Faire mieux pour assurer l’avenir

Stéphane Gagné Collaboration spéciale
La FTQ organise des cours de francisation dans le milieu de l’industrie du vêtement, entre autres, où plusieurs travailleurs sont issus de l’immigration, comme chez Peerless (notre photo).
Photo: Rima Chaaban La FTQ organise des cours de francisation dans le milieu de l’industrie du vêtement, entre autres, où plusieurs travailleurs sont issus de l’immigration, comme chez Peerless (notre photo).

Ce texte fait partie d'un cahier spécial.

La Fédération des travailleurs et travailleuses du Québec (FTQ) s’alarme du fait que près d’un million de Québécois ont un faible niveau de littératie. Selon elle, le prochain gouvernement devra mettre les bouchées doubles du côté de l’alphabétisation s’il veut réussir le virage économique axé sur l’intelligence artificielle et une économie verte, qui requiert des niveaux de compétence élevés.

Parmi les 24 actions mises en avant dans la plateforme électorale de la FTQ, quelques-unes mentionnent la nécessité d’accorder davantage de ressources à la francisation et à l’alphabétisation.

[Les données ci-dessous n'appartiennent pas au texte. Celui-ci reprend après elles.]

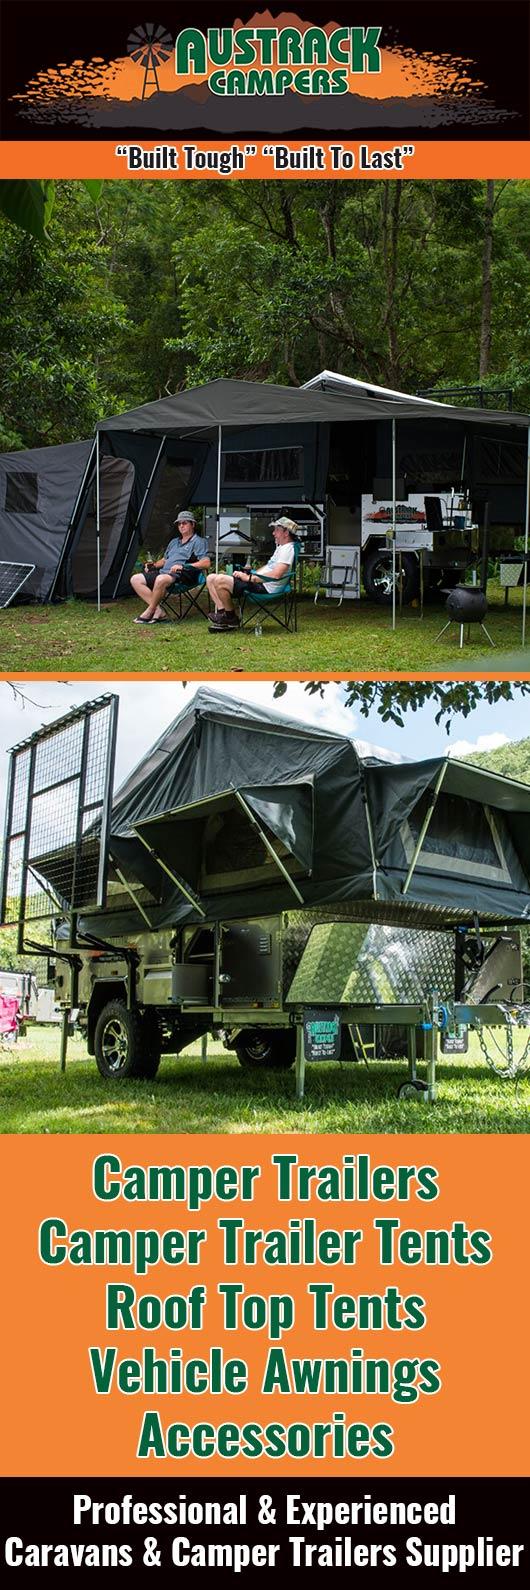 Austrack Campers Camper Trailers Caravans Wangaratta

Une meilleure francisation

Daniel Boyer, président de la FTQ, rappelle qu’il est primordial d’augmenter le financement des mesures de francisation. « Nous avons organisé des cours de francisation dans les milieux de l’entretien ménager et du vêtement, où il y a beaucoup de travailleurs issus de l’immigration, mais nous aimerions avoir davantage de soutien du gouvernement pour en faire plus », dit-il. Dans le rapport de la Vérificatrice générale, publié à l’automne 2017, l’effort du Québec en francisation était qualifié d’insatisfaisant. Les taux de réussite étaient très bas, les désistements et les abandons, très nombreux. De plus, moins d’un immigrant sur trois ayant besoin de cours de français réussissait à l’obtenir.

Le président de la FTQ juge cette situation déplorable, car, pour ces gens, ce sera très difficile de s’intégrer à la société québécoise et encore plus au marché du travail.

Relever les défis à venir

Avec le taux de chômage qui frise le plein emploi et le faible taux de littératie des Québécois, Daniel Boyer croit qu’il sera difficile pour la main-d’oeuvre d’atteindre le niveau de compétence élevé qu’exigera le virage vers une économie axée sur l’intelligence artificielle. Il en sera de même pour la transition qui s’amorcera vers une économie verte et sans pétrole. Selon une étude du Programme pour l’évaluation internationale des compétences des adultes (PEICA), datant de 2012, le pourcentage des Québécois qui n’atteint pas un niveau acceptable en littératie s’élève à 53 %.

« Les travailleurs avec peu de compétences ne pourront pas faire la transition vers cette nouvelle économie », déplore-t-il.

Le Fonds aussi impliqué

Les enjeux entourant l’alphabétisation interpellent aussi le Fonds de solidarité de la FTQ. En mai 2017, le Fonds s’est associé à la Fondation sur l’alphabétisation pour s’attaquer aux défis que soulève cette problématique au chapitre de l’employabilité. Une étude découlant de cette collaboration, datant de février 2018, mentionnait que l’amélioration des compétences en littératie hausserait le PIB du Québec de 4,9 milliards de dollars.

L’étude fait aussi ressortir le faible taux de littératie des travailleurs du secteur manufacturier (où la FTQ a des milliers de membres). Près de deux travailleurs sur trois y ont des difficultés en littératie. Le Québec a donc beaucoup à faire s’il veut améliorer son bilan en la matière.